Dalle Molle Institute for Artificial Intelligence (IDSIA), University of Italian Switzerland (USI), University of Applied Science and Art of Southern Switzerland (SUPSI), CH-6928 Manno, Switzerland.
PolitoBIOMed Lab, Department of Mechanical and Aerospace Engineering, Politecnico di Torino, IT-10128 Torino, Italy.
Int J Mol Sci. 2020 Mar 16;21(6):2017. doi: 10.3390/ijms21062017.
The pursuit for effective strategies inhibiting the amyloidogenic process in neurodegenerative disorders, such as Alzheimer's disease (AD), remains one of the main unsolved issues, and only a few drugs have demonstrated to delay the degeneration of the cognitive system. Moreover, most therapies induce severe side effects and are not effective at all stages of the illness. The need to find novel and reliable drugs appears therefore of primary importance. In this context, natural compounds have shown interesting beneficial effects on the onset and progression of neurodegenerative diseases, exhibiting a great inhibitory activity on the formation of amyloid aggregates and proving to be effective in many preclinical and clinical studies. However, their inhibitory mechanism is still unclear. In this work, ensemble docking and molecular dynamics simulations on S-shaped Aβ fibrils have been carried out to evaluate the influence of several natural compounds on amyloid conformational behaviour. A deep understanding of the interaction mechanisms between natural compounds and Aβ aggregates may play a key role to pave the way for design, discovery and optimization strategies toward an efficient destabilization of toxic amyloid assemblies.

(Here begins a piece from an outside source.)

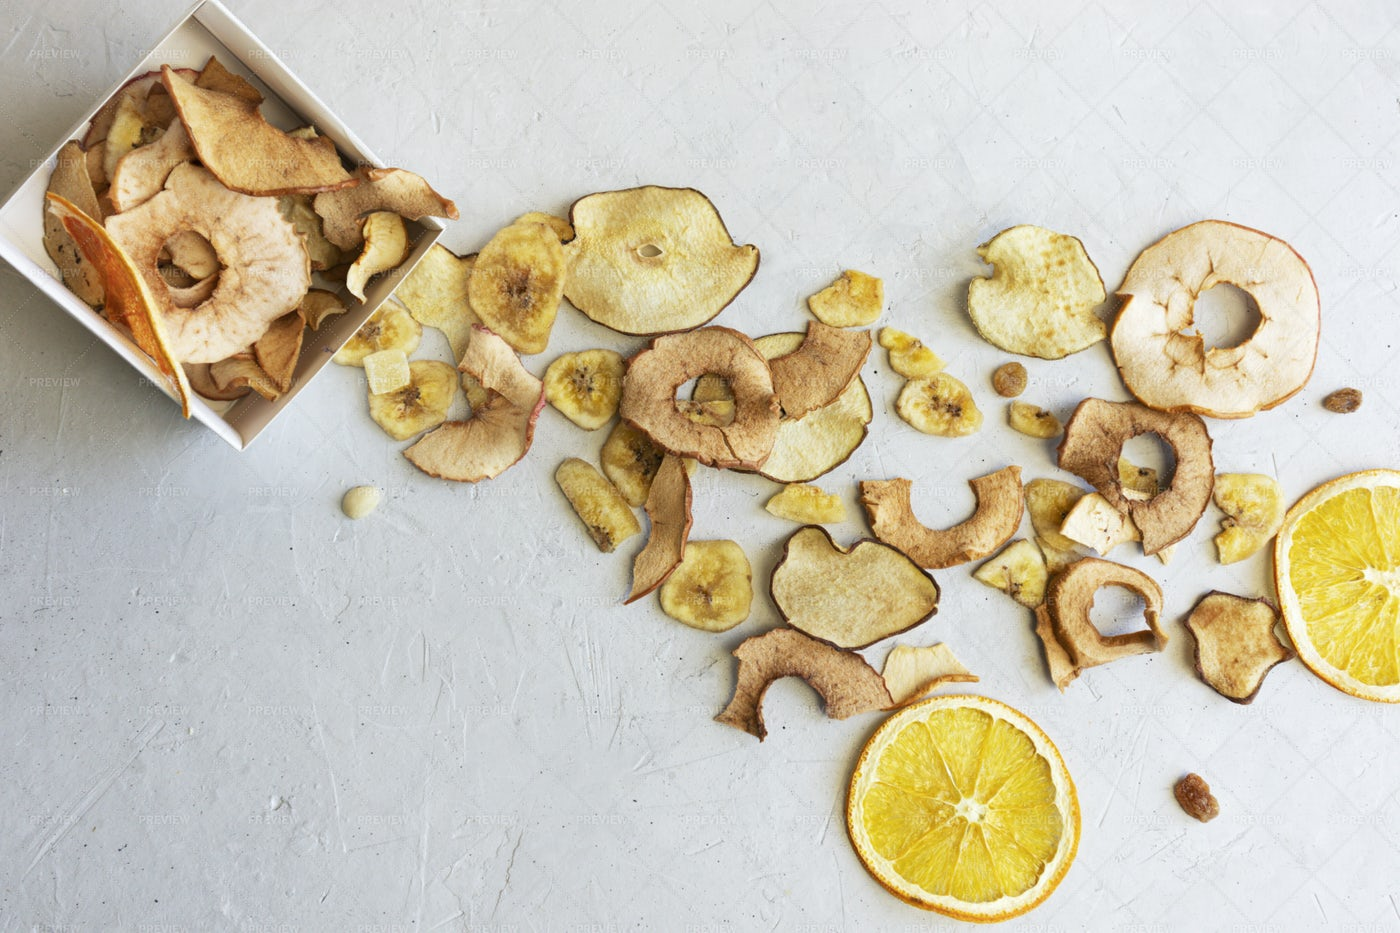 Fruit Chips: Stock Photos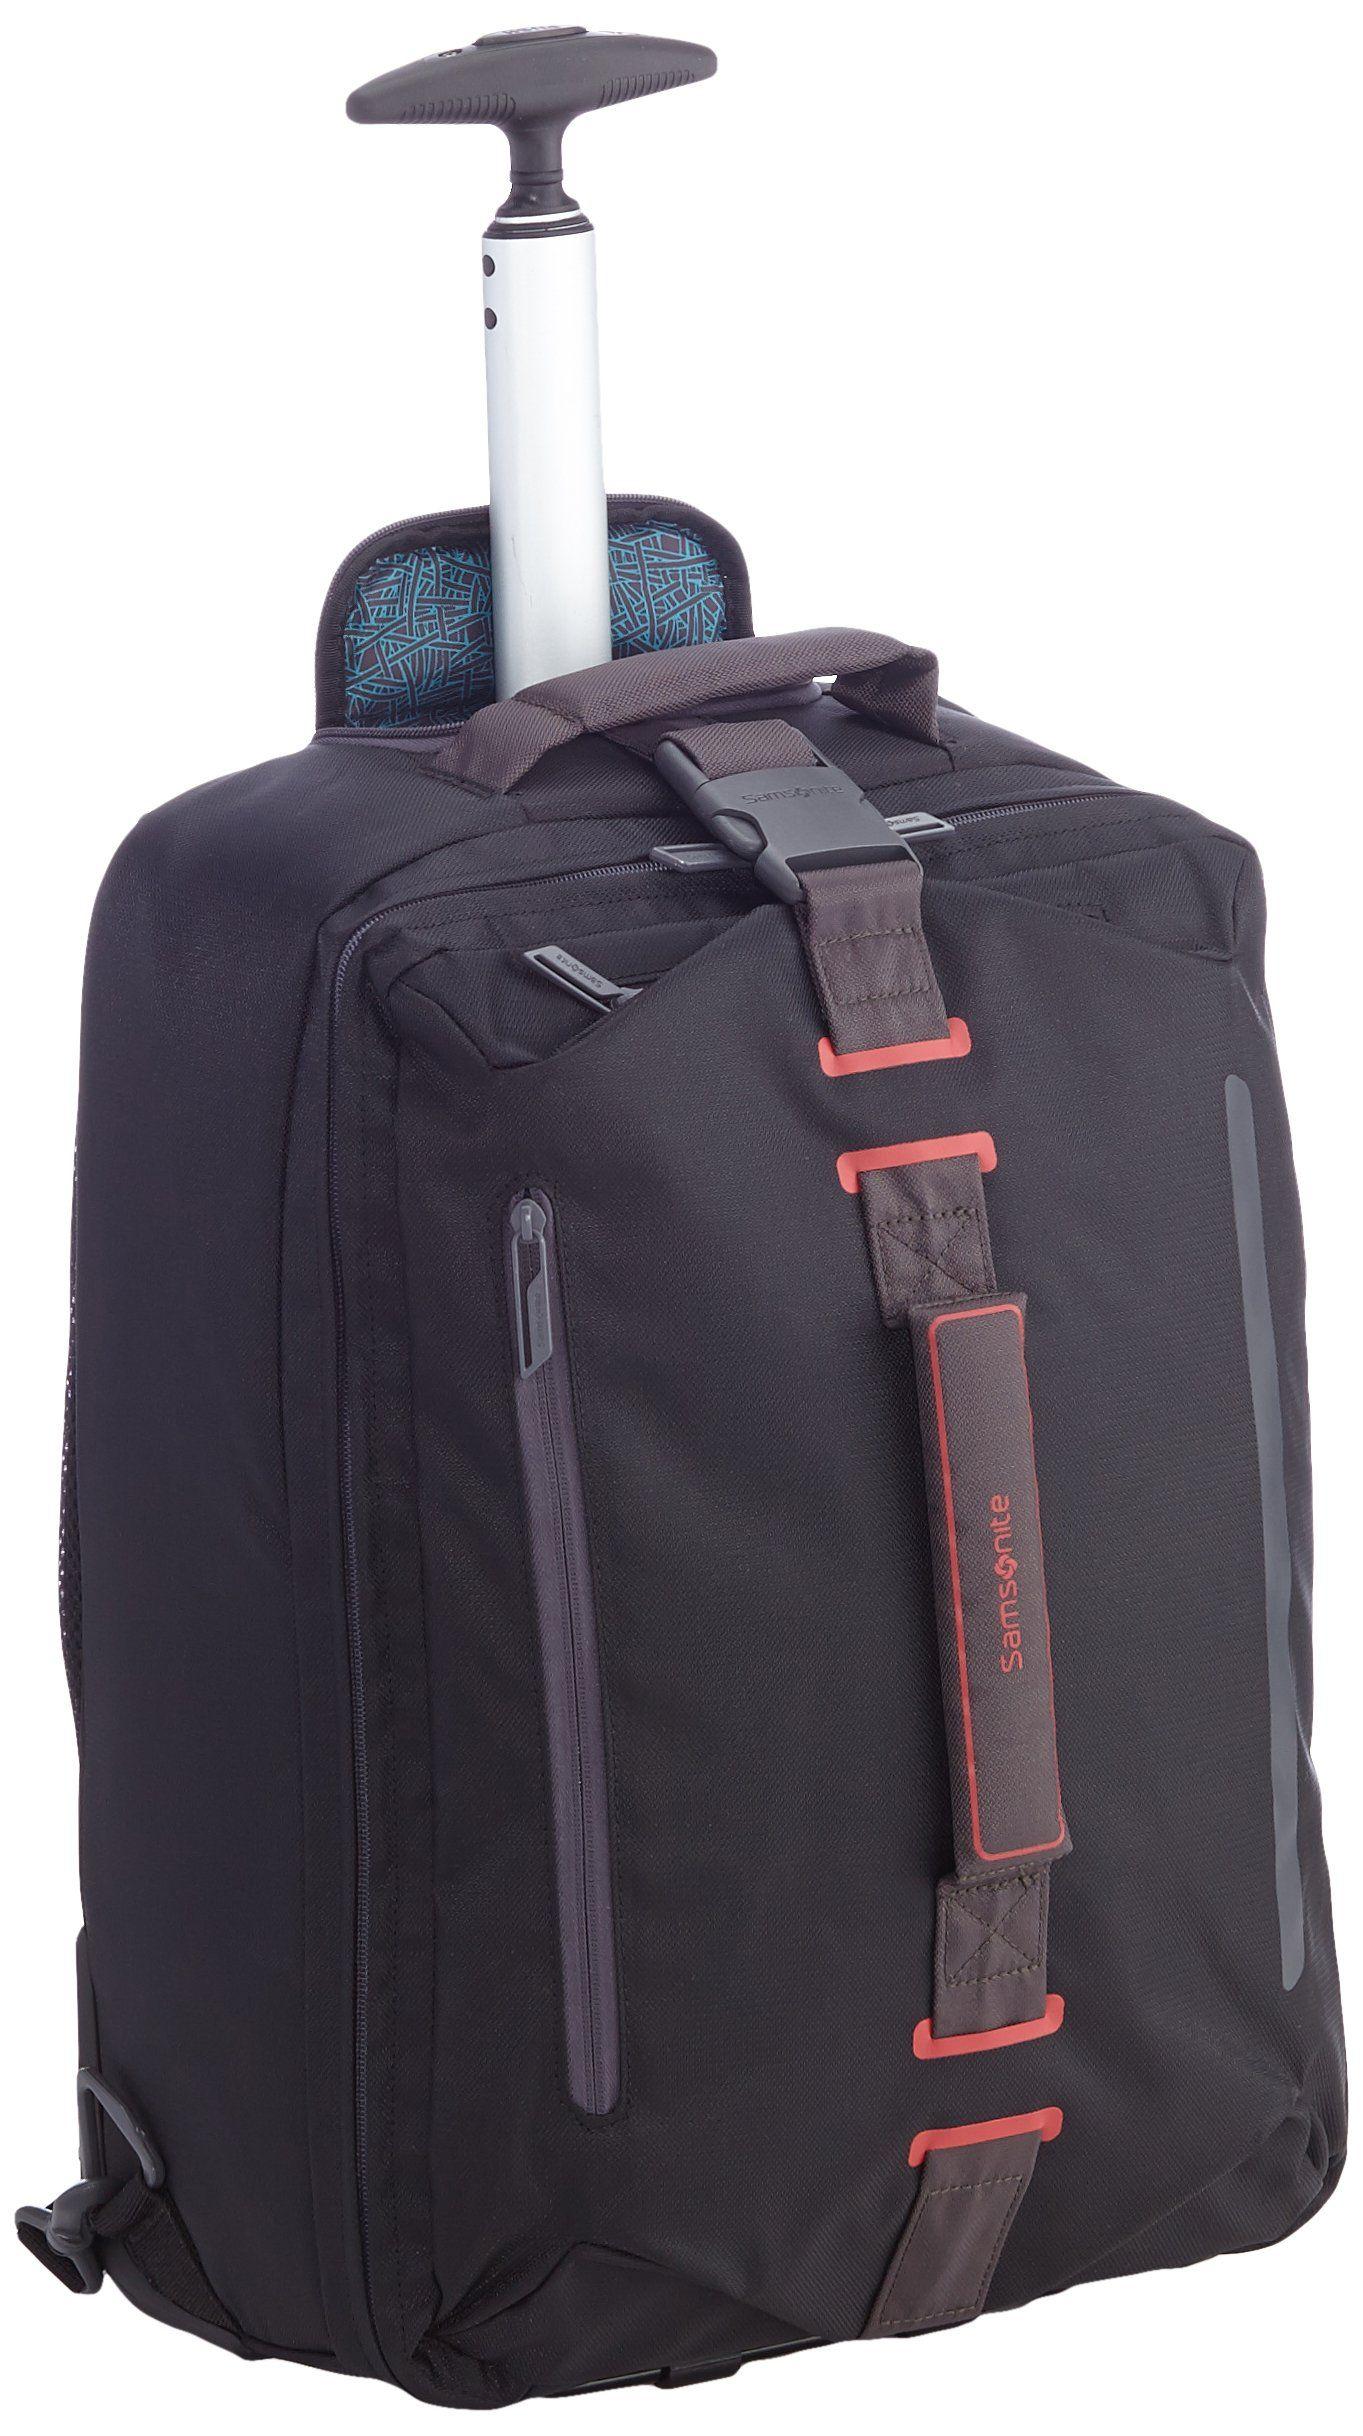 Samsonite Explorall Wh Laptop Rucksack 50cm 25 L

在神经退行性疾病(如阿尔茨海默病,AD)中,寻找有效的抑制淀粉样蛋白形成的策略仍然是一个未解决的主要问题,只有少数药物被证明可以延缓认知系统的退化。此外,大多数治疗方法会引起严重的副作用,并且在疾病的各个阶段都没有效果。因此,寻找新型、可靠的药物显得尤为重要。在这种情况下,天然化合物在神经退行性疾病的发生和发展方面显示出了有趣的有益作用,对淀粉样蛋白聚集的形成具有很强的抑制活性,并在许多临床前和临床试验中被证明是有效的。然而,其抑制机制尚不清楚。在这项工作中,对 S 形 Aβ 纤维进行了集合对接和分子动力学模拟,以评估几种天然化合物对淀粉样蛋白构象行为的影响。深入了解天然化合物与 Aβ 聚集物之间的相互作用机制,可能对设计、发现和优化策略以有效破坏有毒淀粉样蛋白组装物起到关键作用。